Why “No” and “Yes” Won’t Cut It: Turning the Tide of Sexual Assault

October 6, 2014 at 5:15 am Leave a comment


College CampusIn the wake of a horrifying barrage of sexual assaults on college campuses, university administrators – and now whole state governments – are scrambling to turn the tide. The California legislature passed a law at the end of August requiring what is referred to as “affirmative consent.” The measure requires not only that a person not say “no” to a sexual encounter, but also that he or she offer “an affirmative, conscious and voluntary agreement to engage in sexual activity.”[1] In other words, a person must say “yes” to a sexual encounter. Interestingly, according to the legislation, this “yes” need not be verbal. It can also be communicated through actions. Or, if you prefer, it can even be communicated electronically.  Just like everything else in our high tech world, if you want to make sure you’re having consensual sex, there’s an app for that.  Of course, trying to discern what constitutes affirmative consent, even when you have an app, is no easy task. Emma Goldberg, a member Students Against Sexual Violence at Yale, admits: “It’s obviously quite difficult for administrators to adjudicate affirmative consent, and there is always room for improvement in enforcement of these policies.”[2]

Ultimately, the problem with affirmative consent laws such as the one California lawmakers have passed is not that it is too strong, but too weak. Feeble legislative attempts that require mere consent will not and cannot address the deep moral realities of human sexuality.

Robert Reilly, a senior fellow at the American Foreign Policy Council, recently published a book dealing with modern sexual ethics. In the introduction, he insightfully notes that differing views on sex are rooted in different conceptions of reality:

There are two fundamental views of reality. One is that things have a Nature that is teleologically ordered to ends that inhere in their essence and make them what they are. In other words, things have inbuilt purposes. The other is that things do not have a Nature with ends: things are nothing in themselves, but are only what we make them to be according to our wills and desires. Therefore, we can make everything, including ourselves, anything that we wish and that we have the power to do.[3]

This is a stunning analysis of the worldview that permeates and shapes our sexual ethics. In a myriad of ways, we have worked to separate sex from its natural – what Reilly would call “real” – ends. We defy sex’s procreative reality with abortion. We fight against sex’s emotionally intimate reality with our hookup culture. We have placed sex and its moral entailments squarely in the confines our wills. If we want to have sex, sex is moral. If we don’t want to have sex, sex is immoral.
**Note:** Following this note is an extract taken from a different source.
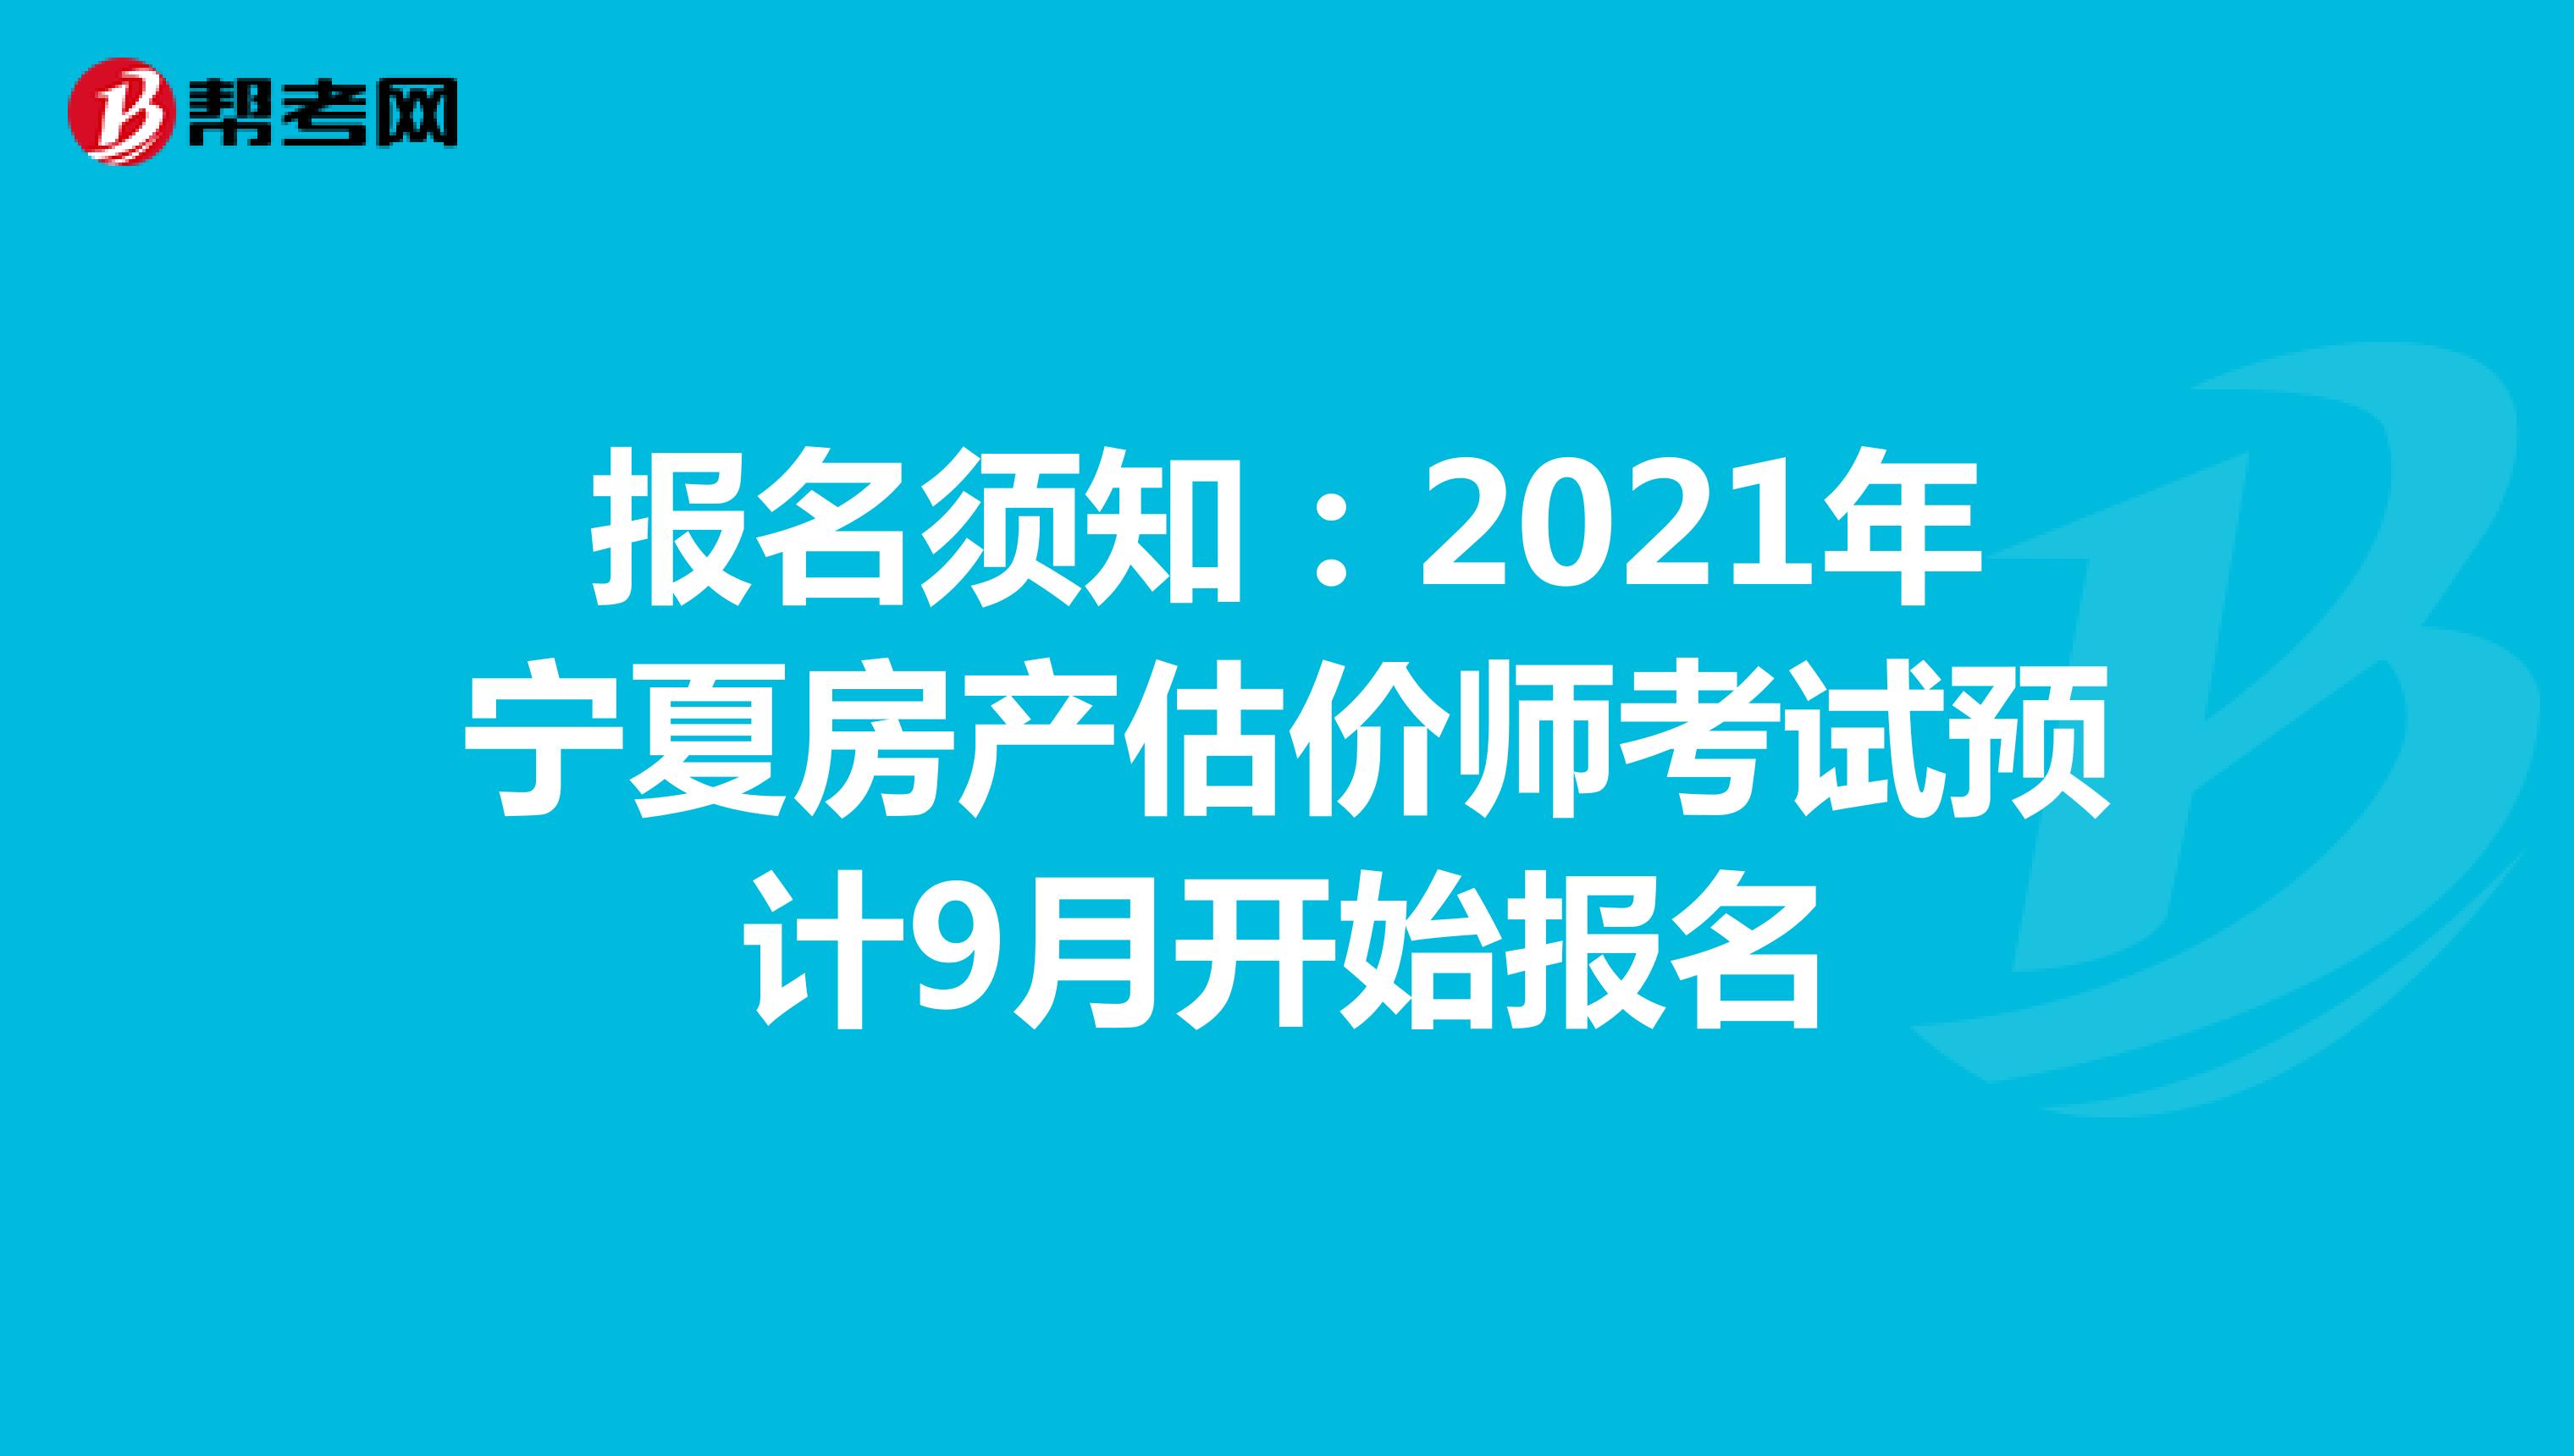 报名须知：2021年宁夏房产估价师考试预计9月开始报名
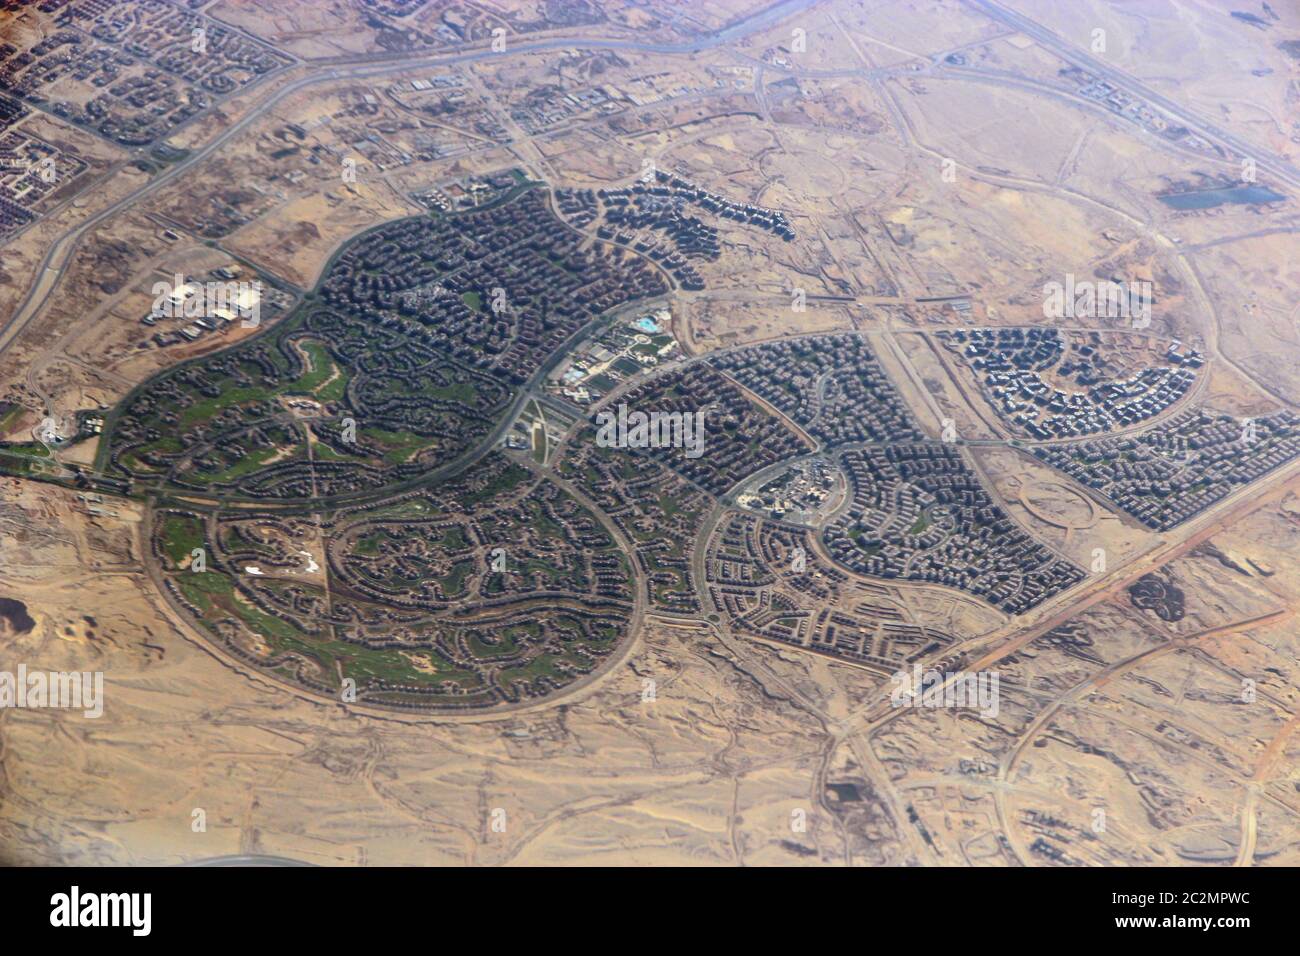 Vista aerea della città con strade, case, edifici, in Egitto. Immagine panoramica. Vista del villaggio dall'aria. Foto Stock

The fact of the matter is this: our wills cannot provide an adequate moral framework and reality for human sexuality. The contrail of shattered families, wrecked finances, and broken hearts that our sexual wills have left strewn in our societal sky is proof positive of this. Furthermore, teleological reality has a funny way of continually smacking us squarely in the face, no matter how stridently we may try to escape it. Through sex, babies will continue to be conceived. Because of fleeting trysts, people will continue to be riddled by regret. Sex will continue to impress its reality on us, whether or not we want it to. Perhaps we ought to start living in that reality rather than seeking to escape it.

In a society where we pretend that our mere wills can determine the morality of sexuality, states and universities can do no better than to legislate a “yes” before sex, no matter how insufficient, impotent, and fraught with adjudicative hair splitting such legislation may be. But as Christians, we can affirm that God had purposes in mind when He created sex. Therefore, as the Church, we can call for sexual ethics to be in line with these purposes and not just with our desires. So for those on college campuses, I ask, for the sake of God’s will and your wellbeing, to consider waiting not just for someone to say “yes” before you have sex, but to say “I do.”

It’ll work out a lot better.

_____________________________

[1] Aaron Mendelson, “California passes ‘yes-means-yes’ campus sexual assault bill,” Reuters (8.29.2014).

[2] Richard Pérez-Peña and Ian Lovett, “California Law on Sexual Consent Pleases Many but Leaves Some Doubters,” The New York Times (9.29.2014).

[3] Robert R. Reilly, Making Gay Okay: How Rationalizing Homosexual Behavior Is Changing Everything (San Francisco: Ignatius Press, 2014), xi-xii.